Britain needs to ignore the Blob and go nuclear
- A groundbreaking American nuclear project puts the UK to shame
- Nuclear power should be a British success story, but it isn't
- Time and again, Nimbyism and bureaucracy have got in the way of affordable energy
Three C-17 Globemasters. Eight shipping containers. The first nuclear reactor in history to be moved by air. While it feels like the opening of one of those special-forces slop series on Amazon that I count as one of my guiltiest pleasures, this is the very real Operation Windlord.
The operation, conducted by the US Air Force in February to ferry a five-megawatt unit from California to a desert lab in Utah, is now in its next phase: engineers are racing to switch it on by July 4, the 250th anniversary of American independence. The reactor was built by Valar Atomics, a three-year-old startup that, like Operation Windlord, takes its name from Lord of the Rings.
There was a time when this story would have been Britain’s. When Queen Elizabeth opened Calder Hall in 1956, we became the first nation on earth to feed grid-scale civil nuclear power into a domestic electricity supply. By 1965, the year of Winston Churchill’s funeral, Britain had built more operational reactors than the United States, the Soviet Union and France combined. We commissioned 26 of them between 1956 and 1971, with sites approved in months and reactors connected to the grid in under five years.
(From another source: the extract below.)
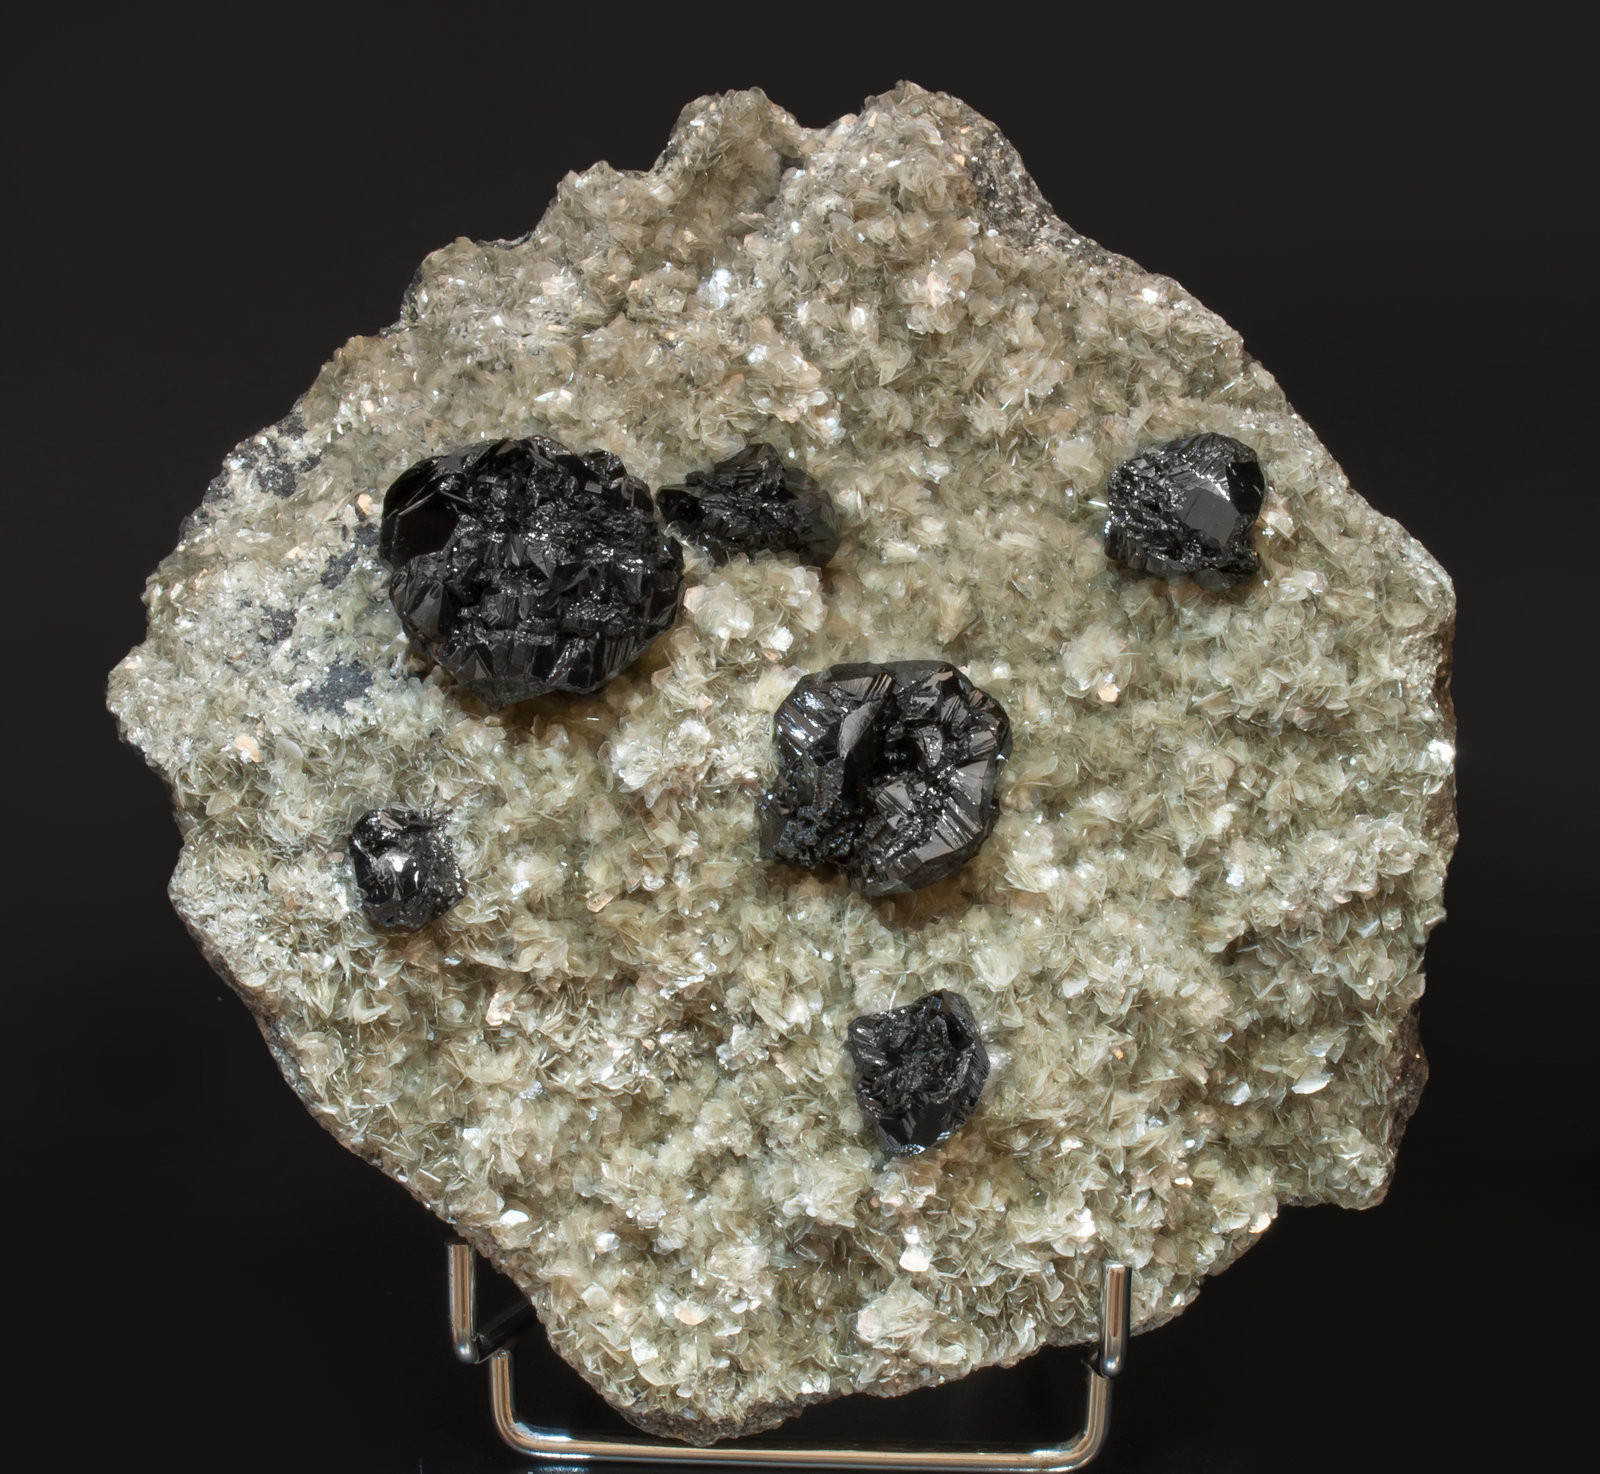 specimens/s_imagesAF6/Cassiterite-TM37AF6f.jpg

Then, thanks to the usual morass of blob mentality and Nimbyism, we stopped. We have not built a single new commercial reactor since Sizewell B in 1995. The one we are currently building, Hinkley Point C, is on track to be the most expensive nuclear station in human history: roughly six times what South Korea spends per megawatt for the same job. There is a fascinating essay explaining this in Works in Progress that reads more like tragedy than history.
The whole piece is well worth reading as a reminder of how hopelessly adrift we are in the UK. There are moves towards nuclear, but nothing very encouraging.
The link to Works in Progress is worth following too - it's a complex story.
6 comments:
Having worked a Sellafield for 22 years, I know what lies and exaggerations are told about nuclear power. Had this attitude prevailed about other advances like steam,we would still be plodding about behind horse drawn ploughs. (another new fangled abomination) and broadcasting seed by hand.
John - that sounds like an interesting career. Yes I agree, lies and exaggerations are told about nuclear power and have been for a long time. The wind and solar mess is based on those lies and exaggerations.
An older colleague of mine had done research on behalf of the old Atomic Energy Authority. A friend he'd made at Windscale blamed much of the AGR fiasco on Tony Benn instructing the simultaneous construction of three different designs, none of which had been fully analysed or even properly pilot-planted.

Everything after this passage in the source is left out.